Still, the question remains, was the Brunswick Blue diamond in the Duke’s possession part of the cleaved away section of the Tavernier Blue when it was cut to create the French Blue that would ultimately yield the Hope diamond? The answer to that question may have been found in 2007 with the discovery of a lead cast of a shield-shaped diamond found in the archives of the Muséum national d’Histoire naturelle in Paris. Upon examining the cast, experts compared its dimensions to data known about the French Blue diamond. Their conclusion: this lead cast was made directly from the French Blue. Armed with this new information, a computer model – based on the cast – was rendered of the French Blue. A separate computer model of the Hope Diamond was also created. When the two models were brought together the dimensions of the Hope fit neatly inside the French Blue model. These results support the logical assumption that the Hope was – in all probability – a re-cut of the French Blue. That also establishes a connection between the Hope and the Tavernier Blue and thus possibly to the Brunswick Blue.

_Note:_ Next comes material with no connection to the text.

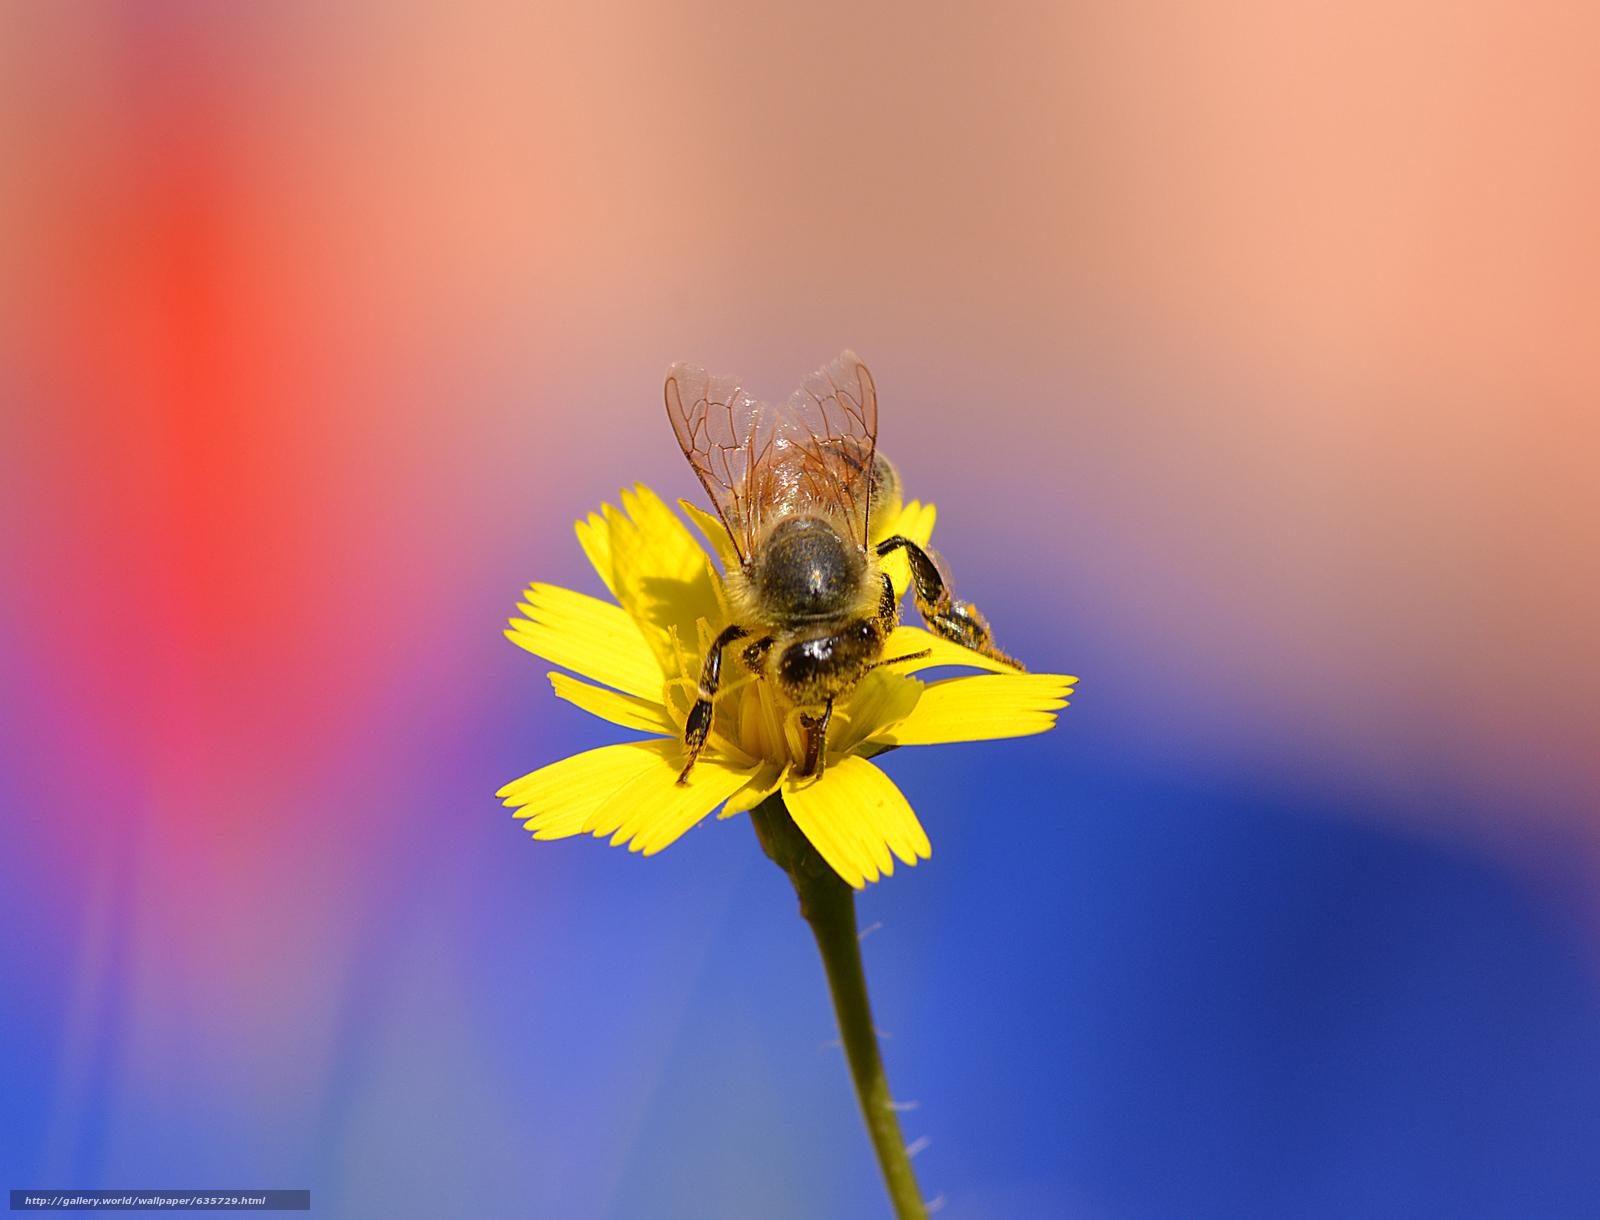 下载壁纸 花,  蜜蜂,  宏 免费为您的桌面分辨率的壁纸 3486x2658 — 图片 №635729

If all this isn’t confusing enough, there are yet three other stones rumored to have once been part of the magnificent Tavernier Blue. In the 1889 edition of his book Precious Stones and Gems, Edwin Streeter claims to have purchased a stone cut from the French Blue called the Pirie. This diamond purportedly weighed in at one carat and, according to the author’s claims, it was identical to the Hope in color. Another is a 7.6 carat lozenge-shaped gem that was once a part of the Russian Crown Jewels. It currently resides at the State Diamond Fund of the Hermitage Museum and has been there since 1827. The last diamond is an octagonal brilliant weighing approximately 2.25 carats housed in the collection of the Victoria and Albert Museum since 1869.
As for the Brunswick Blue? After the estate of the Duke of Brunswick auctioned it in Geneva in 1873 it disappears from public view. Its whereabouts remain unknown as of this writing. We may never know if the Hope Diamond and the Brunswick Blue came from the same rough or if the 46.13 carats cut away to create the French Blue did indeed end up in a seventeenth-century landfill.
- Balfour, Ian. Famous Diamonds, Woodbridge, Suffolk: Antique Collectors’ Club Ltd., 2009. Pp. 130-131 and 51-52.
- Farges, François, Sucher, Scott, Horovitz, Herbert and Fourcault, Jean-Marc. “The French Blue and the Hope: New Data from the Discovery of a Historical Lead Cast” Gems & Gemology, Vol. 45, No.1, Spring 2009. Pp. 4-19
- Streeter, Edwin W. The Great Diamonds of the World: Their History and Romance, London: George Bell and Sons, 1882. Pp. 211-214, 252-253 and 291-295.
- Streeter, Edwin W. Precious Stones, and Gems: Their History, Sources and Characteristics, London: George Bell and Sons, 1898. Pp. 137-140.